Miał pomysł, potrafił go zilustrować zdjęciami znalezionymi w sieci, wiedział w jakim klimacie ma być garnitur i jak chce go nosić. Jednak nie jest (uwierzycie?) stałym czytelnikiem mojego bloga, ani freakiem z forum.bespoke.pl. Rozmowa o przyszłym zamówieniu przypominała więc rozmowę z kobietą o motoryzacji: -Jaki chcesz samochód? -No wiesz… chcę żeby był taki mały, śliczny i czerwony.
Sprawa była o tyle ciekawa i nietypowa, że Karol nie ubiera się klasycznie. Nie widziałem go nigdy w krawacie, nie jestem pewny, czy wie co to poszetka. W każdym razie zamówienie miało być w klimacie fashion, a nie style.
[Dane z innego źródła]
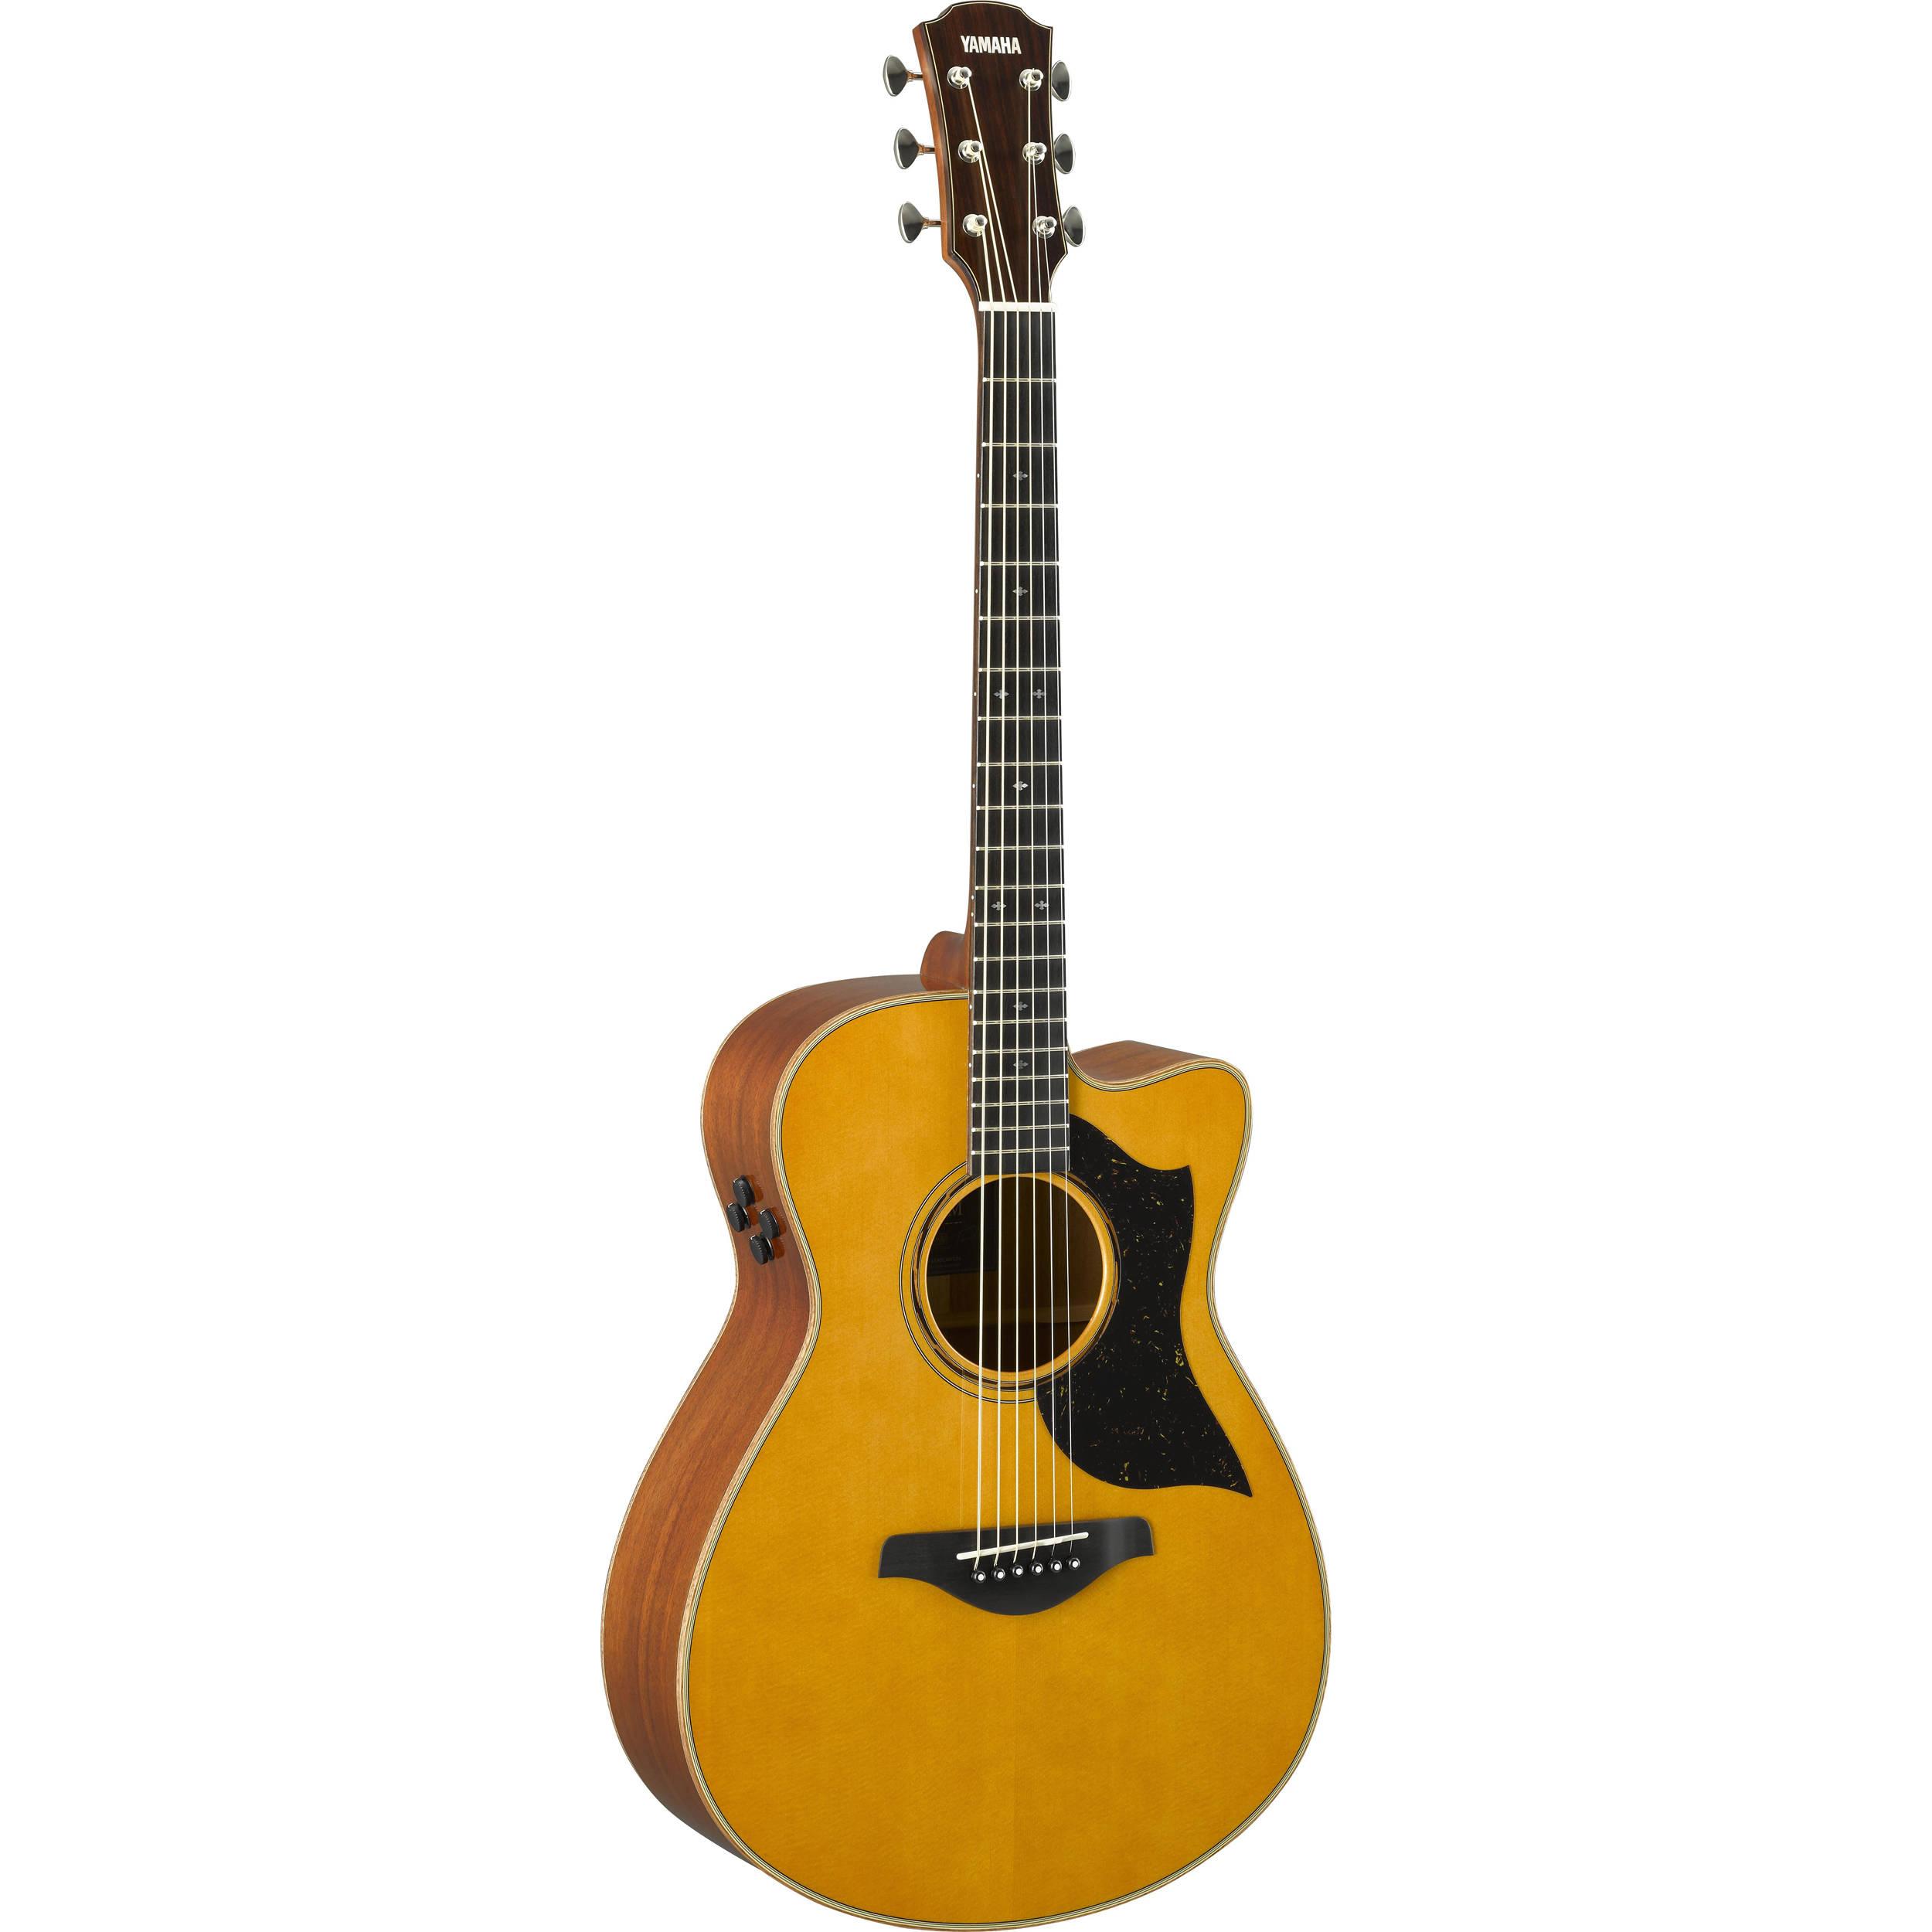 Yamaha ac5m concert cutaway acoustic electric guitar ac5m for Yamaha acoustic electric guitar

Zrobiłem mały wywiad (gdzie, jak i z czym ma być noszony garnitur) i zaczęliśmy oglądać propozycje materiałów. Czułem, że strzałem w dziesiątkę będzie szara flanela z Harrisona i nie myliłem się. Na krawców wybraliśmy dobrze mi znaną Gest Modę czyli Panów Mazurczaka i Trzaskę. Omówienie zamówienia poszło gładko. Główny komunikat jaki poszedł do krawców brzmiał- Panowie, nie robimy klasycznie, garnitur ma być bardzo dopasowany, bardzo krótki.
W czasie przymiarki panowie pokazali swoją klasę. Wszyscy krawcy mają swoje nawyki, spodziewałem się więc oporu przeciw ekstremalnie krótkiej marynarce czy bardzo grubym mankietom w spodniach, ale nie… Stanisław zaskoczył mnie idealnie wyczuwając klimat zamówienia. Sam zaproponował długość marynarki. Doskonale wiedział, że spodnie mają być właśnie tak wąskie. Figura Karola nie jest najprostsza. Klasycznie trzeba by było zrobić dłuższą marynarkę żeby skrócić linię nóg i zbalansować sylwetkę, może dodać kieszonkę biletową, czyli kolejną poziomą linię aby podzielić sylwetkę. Tu jednak nie zdecydowaliśmy się na to. Garnitur miał być nie tyle slim co slick (przepraszam, że po angielsku, ale nie znajduję dobrych polskich ekwiwalentów). Klientowi nie zależało na maskowaniu swojej figury, ale na tym aby czuć się dobrze i wyglądać… hm… nowocześnie.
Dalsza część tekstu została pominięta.